How to include protocols in Dwc-A?

Use of ocean best practices, or protocols.io URI

How will ABS on DSI be ensured in OBIS

This question is on DSI, and how is the use of this data defined/restricted by the Nagoya protocol:

Clarifications from Katrina Exter: ABS-related permits are for
(1) collecting the physical samples by a named someone(s)
(2) the purpose for the collecting. Any digital data derived from the samples (in this case, DwC-A files on OBIS) should include, in their metadata, the ABS permits that were obtained (permit numbers and other info).

But, this information is not necessary for anyone who then comes along and re-uses that digital data.

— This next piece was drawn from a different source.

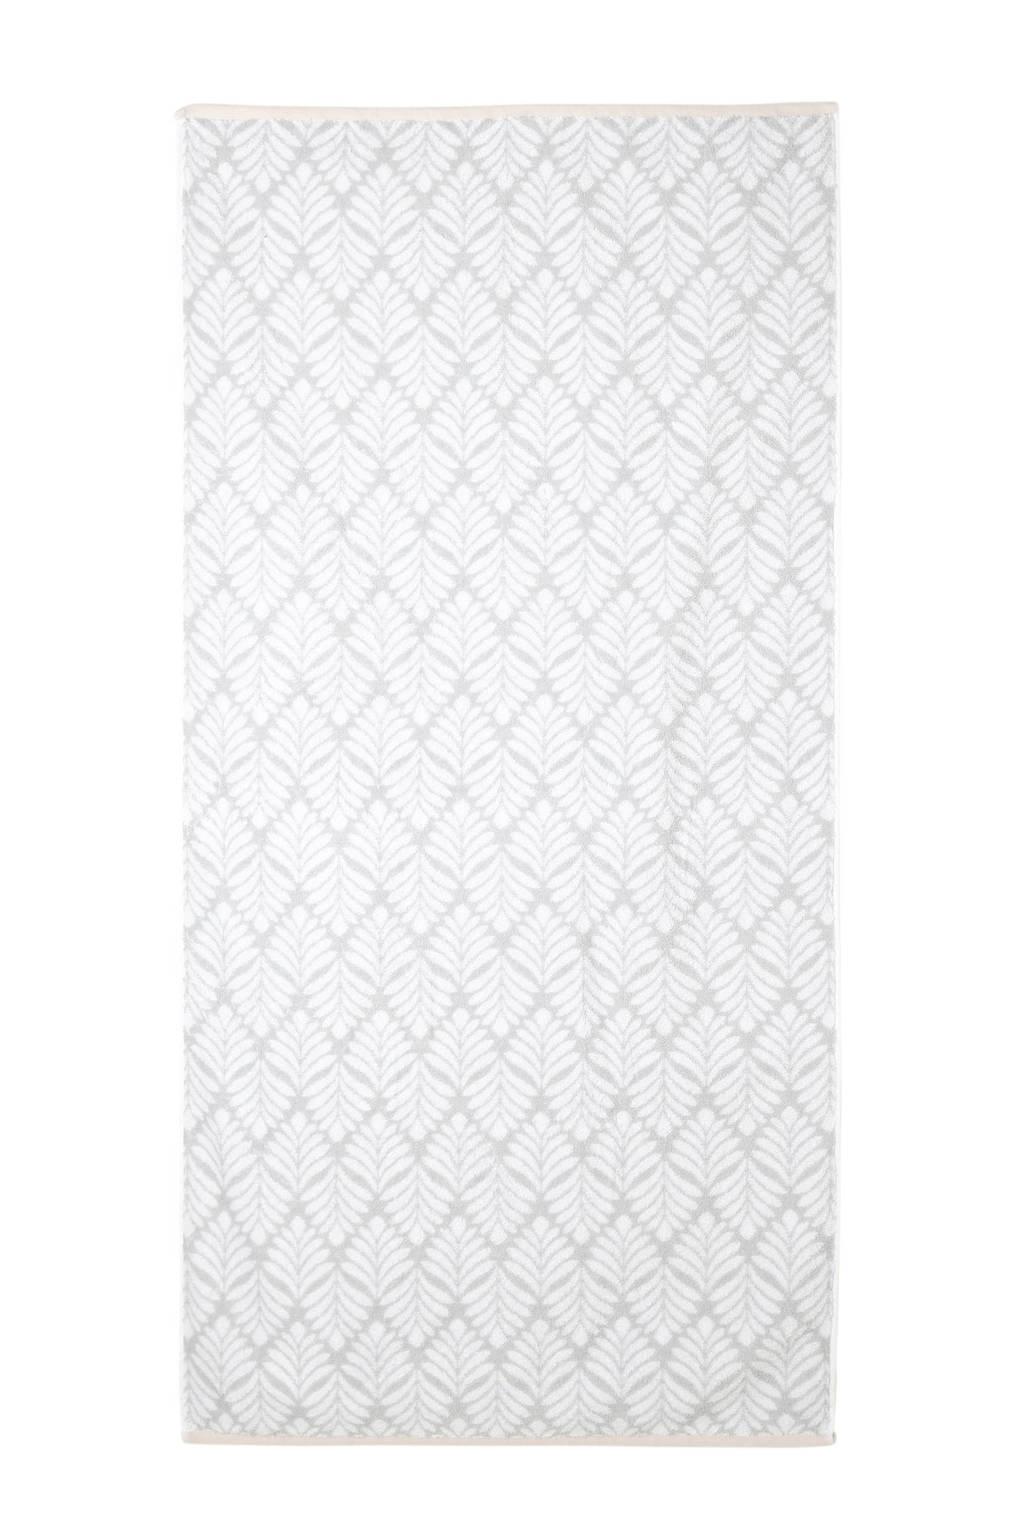 C&A Home handdoek (140x70 cm), Lichtgrijs/wit/roze

Only if they re-use the physical data do they need to get a new permit. HOWEVER, the scope is changing and digital data may be fall under NP. That, I guess, would mean that definitely the original ABS permit information has to be in the metadata, so someone who wants to reuse the digital data can find out if they need to apply for new ABS permits. Now, whose responsibility it is to ensure that people do not use the data without the correct ABS, I am not sure about it. I have heard both that it is the responsibility of the data provide (e.g. OBIS) and that it is NOT their responsibility. But for sure, providing all necessary information will be OBIS's responsibility as they are the data publisher (no?)

We need to find out how this will exactly work.

Dealing with unnamed/cryptic species

In GBIF it is possible to add OTU/ASV-ID's as an identifyer, but this is not currently possible in OBIS. At the moment we recommend registering the highest possible scientific name. Are there other possibilities?